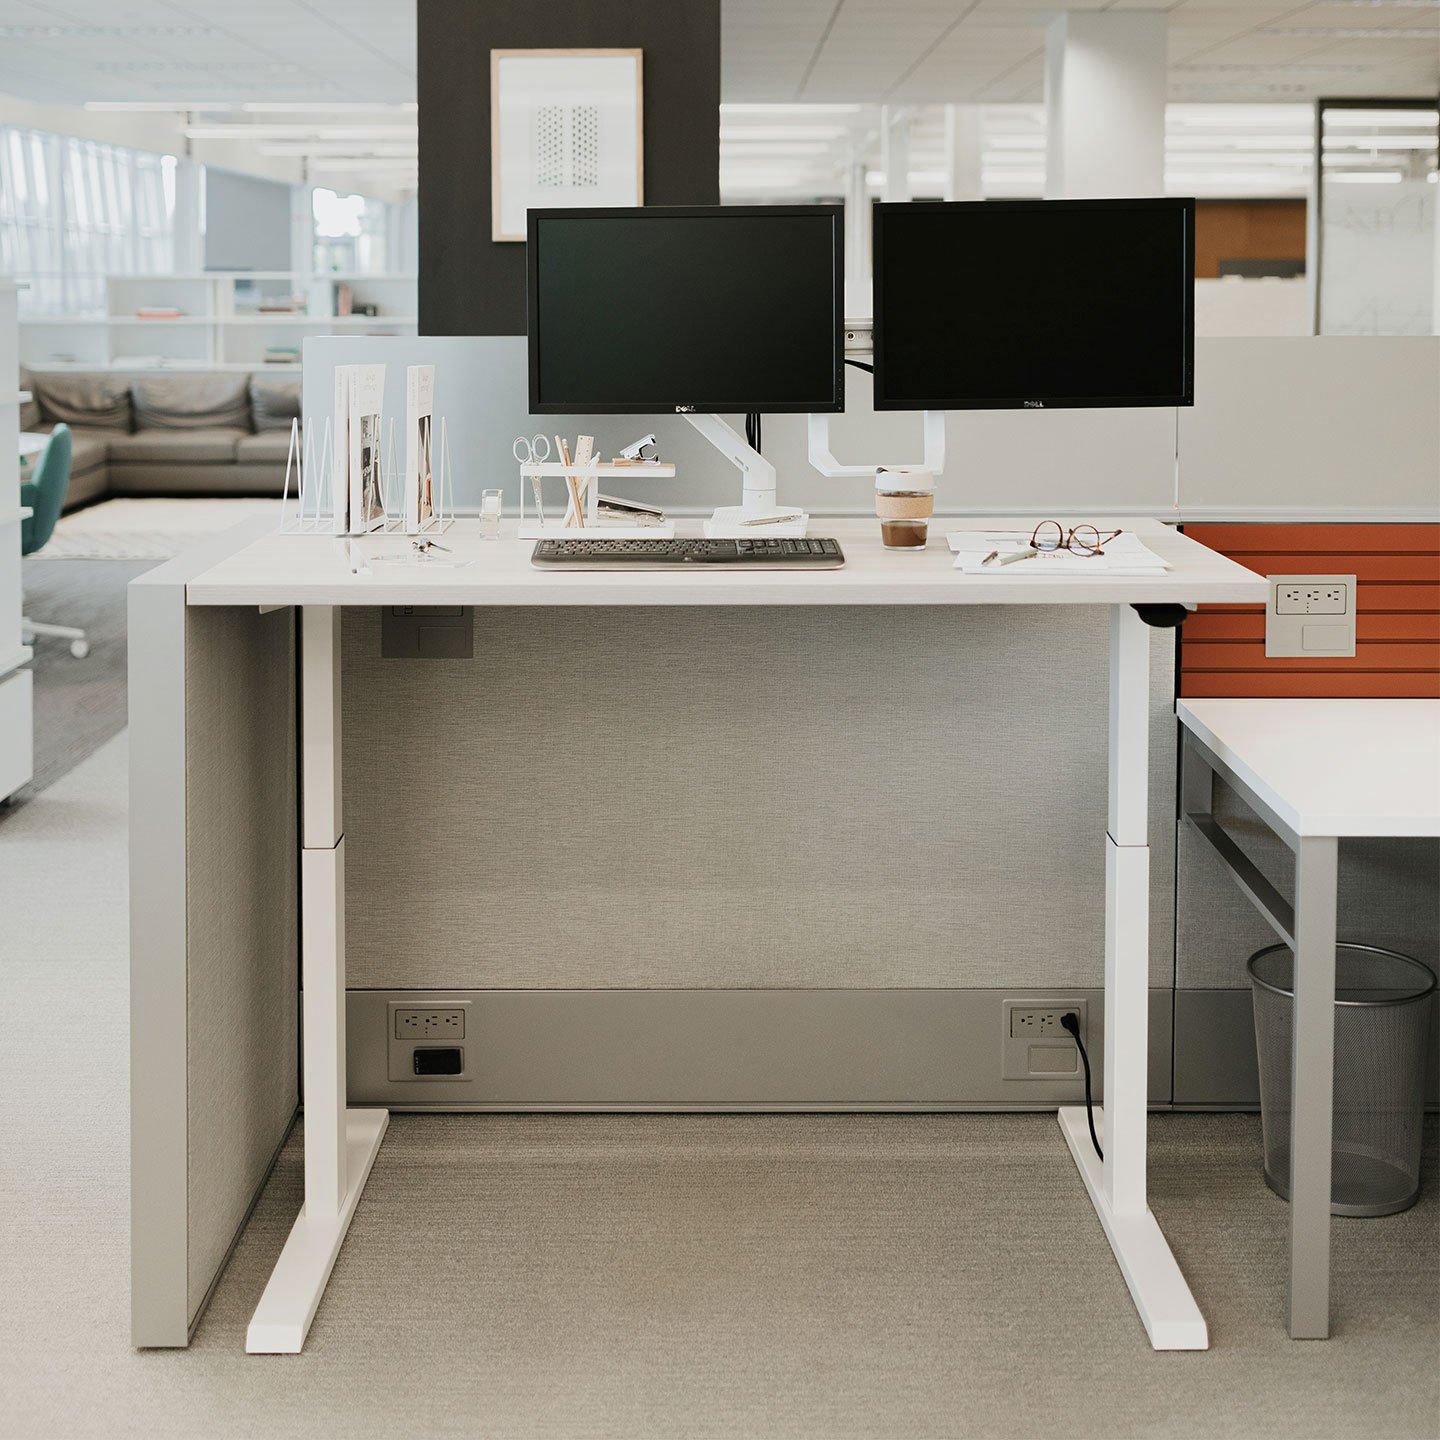 Haworth Upside Height Adjustable Table being used as a desk in an office
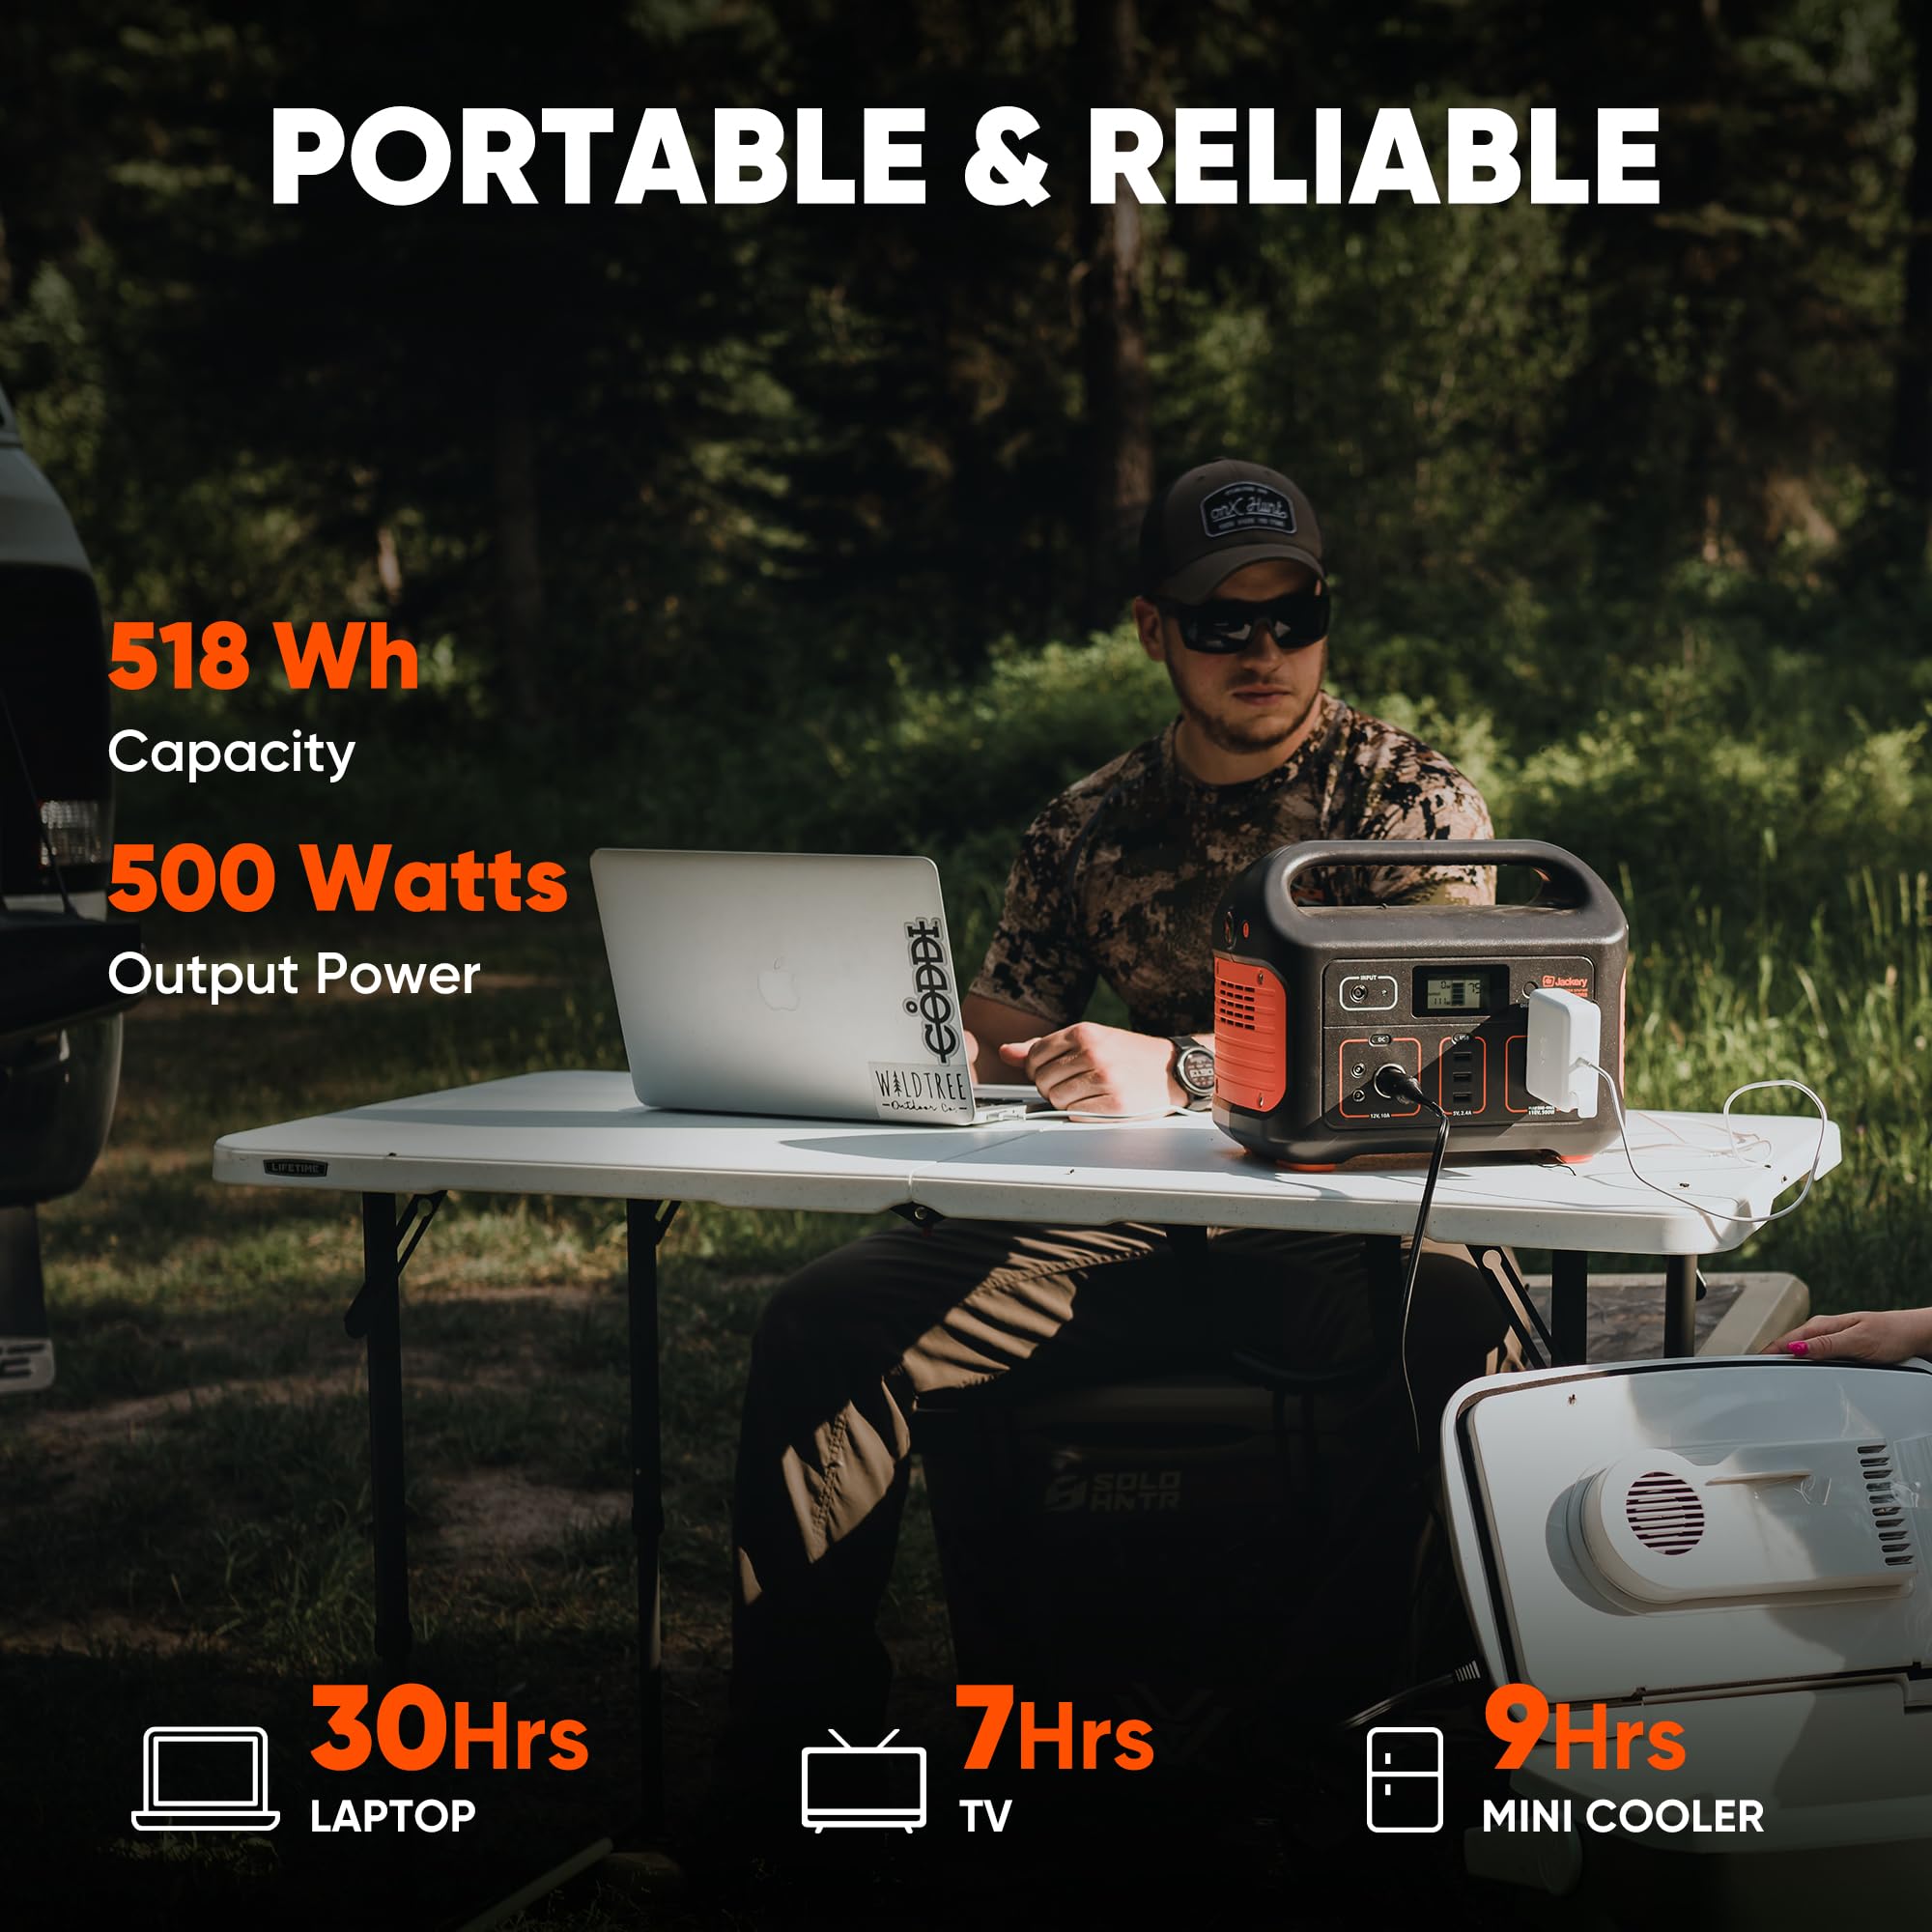 Jackery Portable Power Station Explorer 500, 518Wh Outdoor Solar Generator Mobile Lithium Battery Pack with 110V/500W AC Outlet for Home Use, Emergency Backup,Road Trip Camping (Solar Panel Optional)
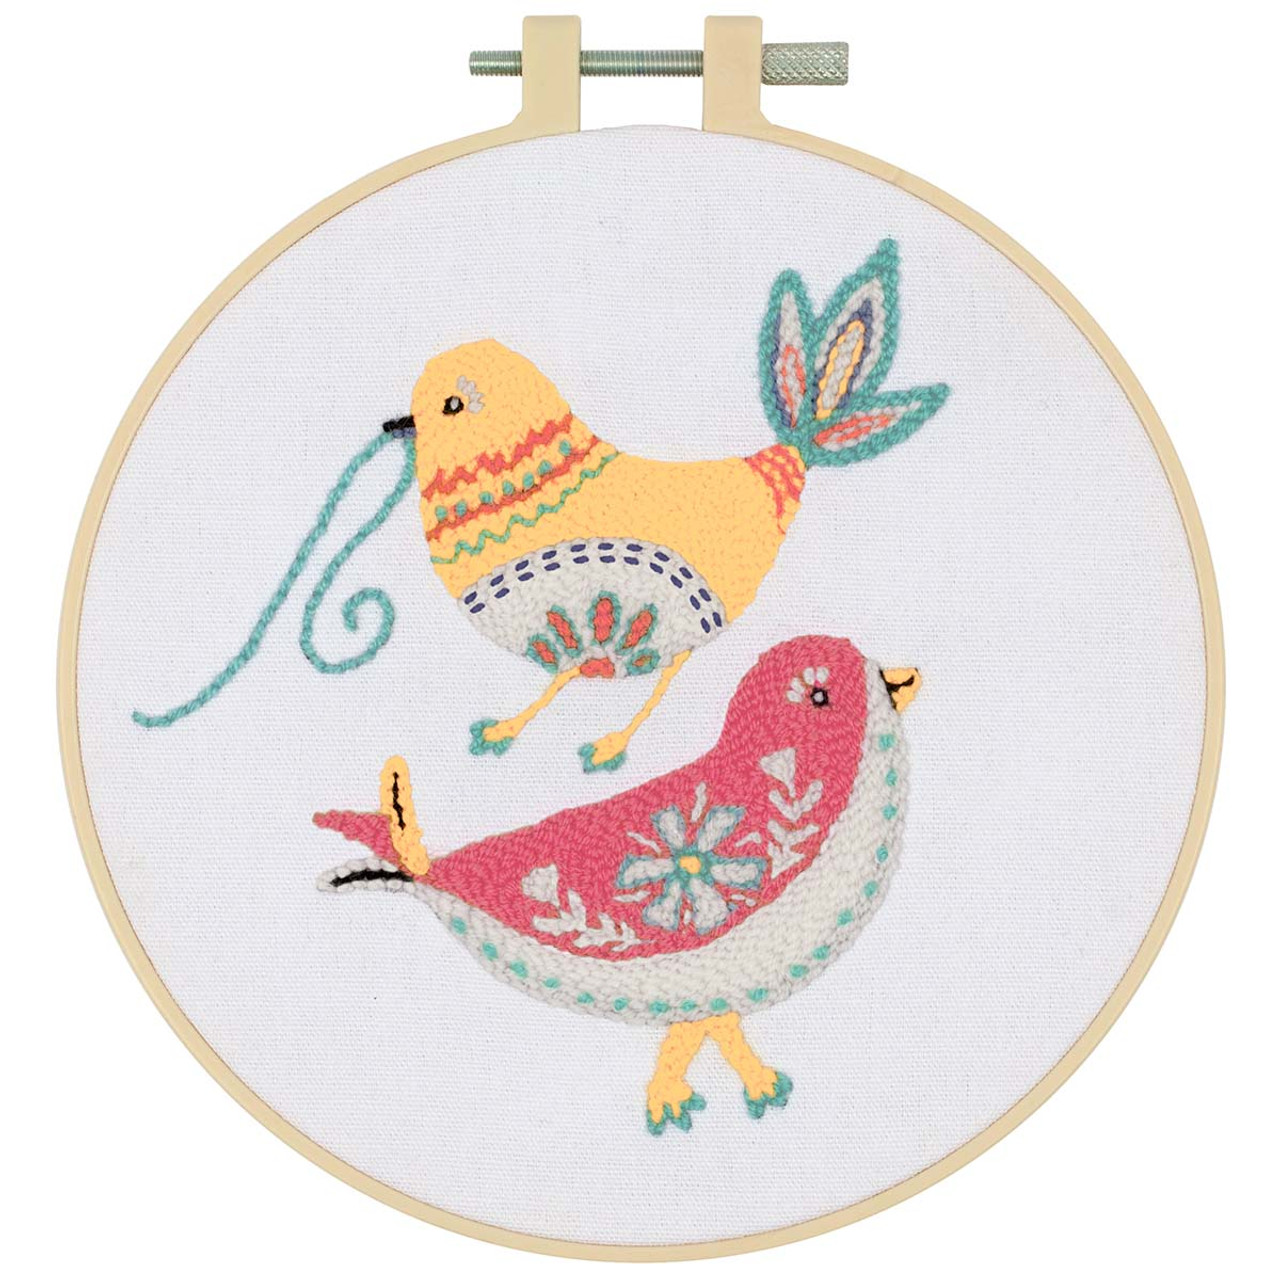 6 Punch Needle Embroidery Patterns: Creating Fun Textures with
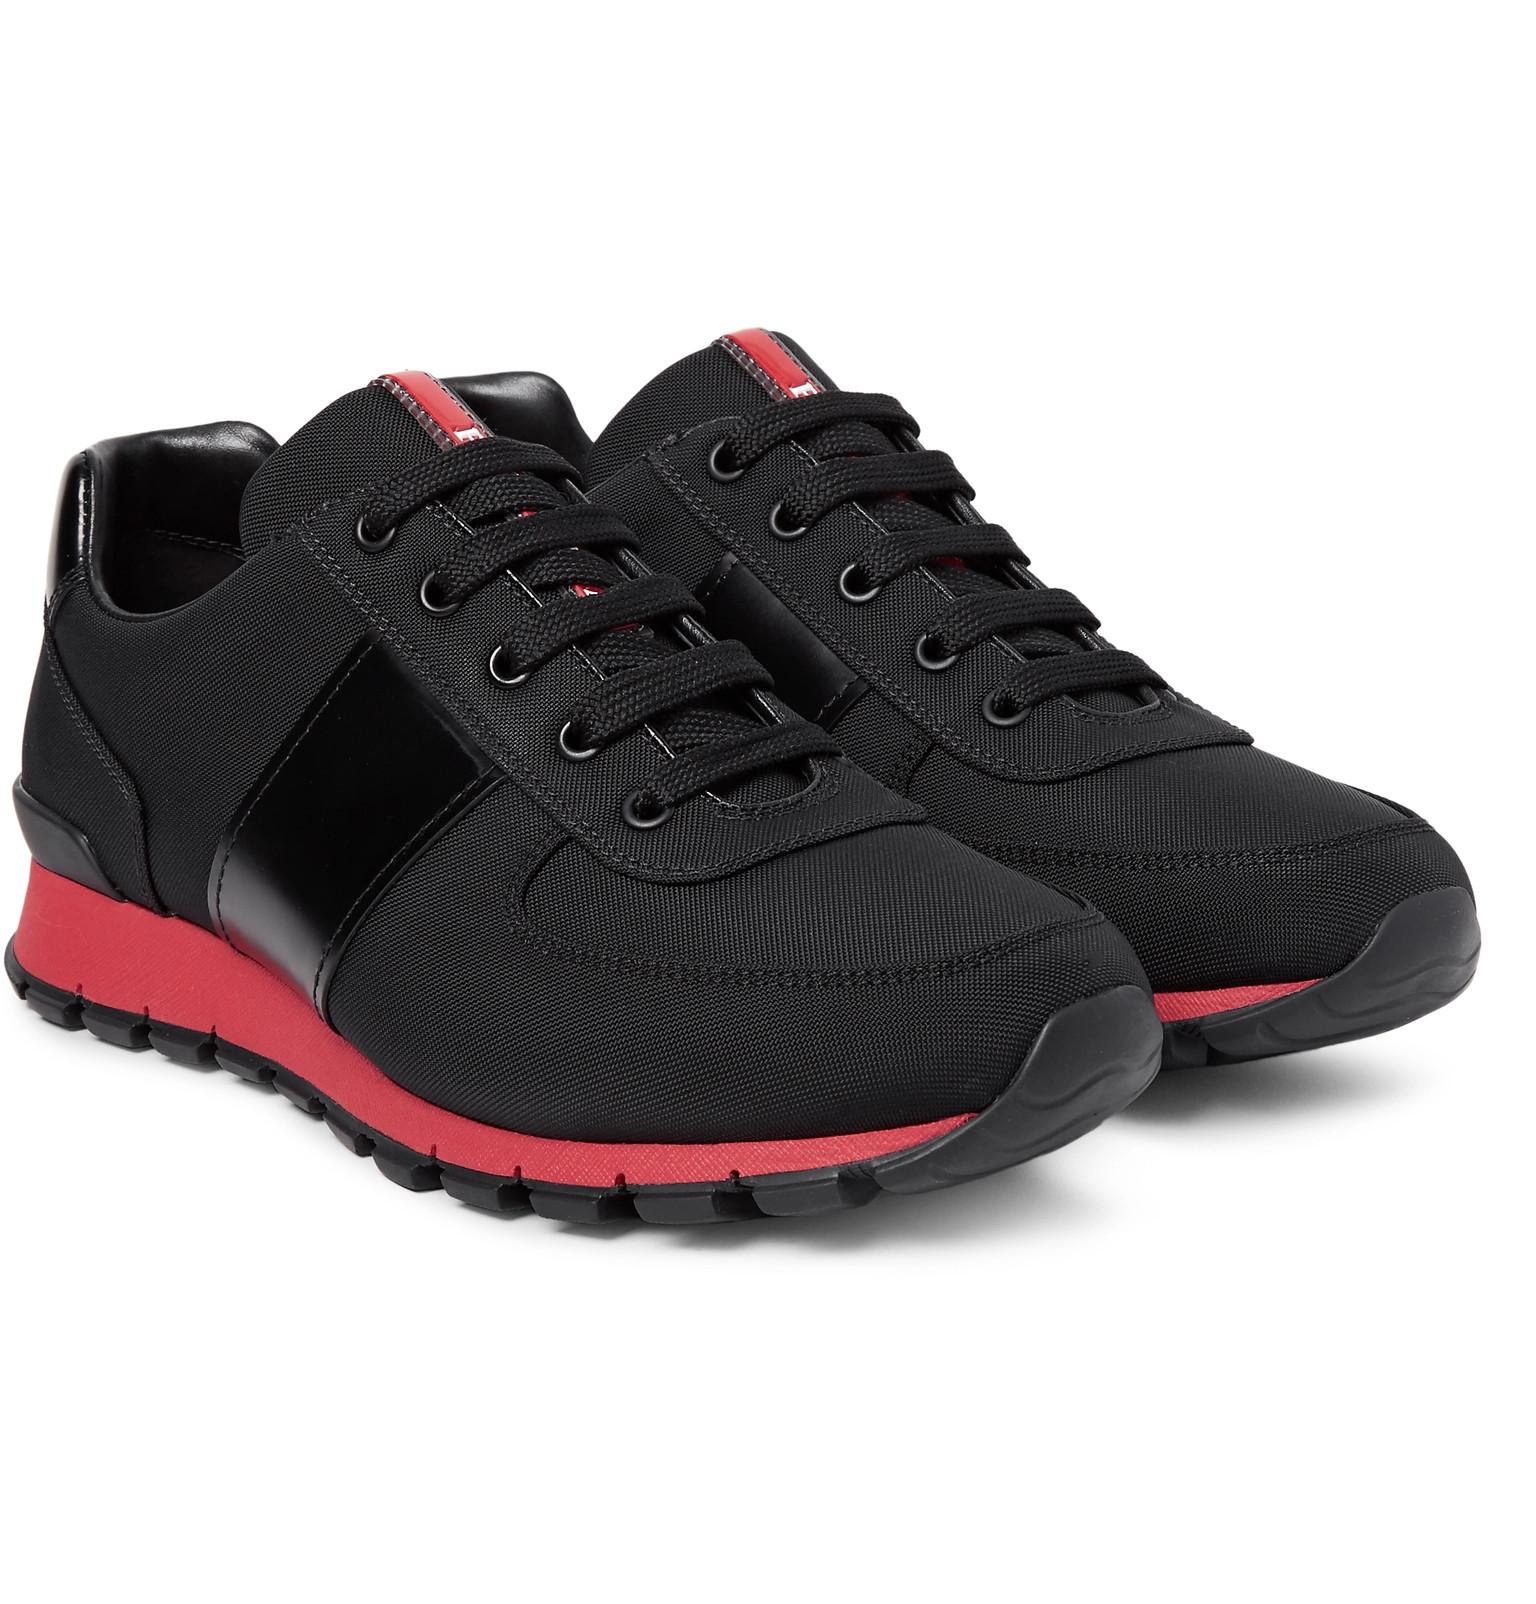 Prada Match Race Leather-trimmed Canvas Sneakers in Black for Men - Lyst

══════

# Problem description
Apart from the images, every line above needs to be printed again exactly.

# Reply
 Haworth Upside Height Adjustable Table being used as a desk in an office
 Jackery Portable Power Station Explorer 500, 518Wh Outdoor Solar Generator Mobile Lithium Battery Pack with 110V/500W AC Outlet for Home Use, Emergency Backup,Road Trip Camping (Solar Panel Optional)
 6 Punch Needle Embroidery Patterns: Creating Fun Textures with
 Prada Match Race Leather-trimmed Canvas Sneakers in Black for Men - Lyst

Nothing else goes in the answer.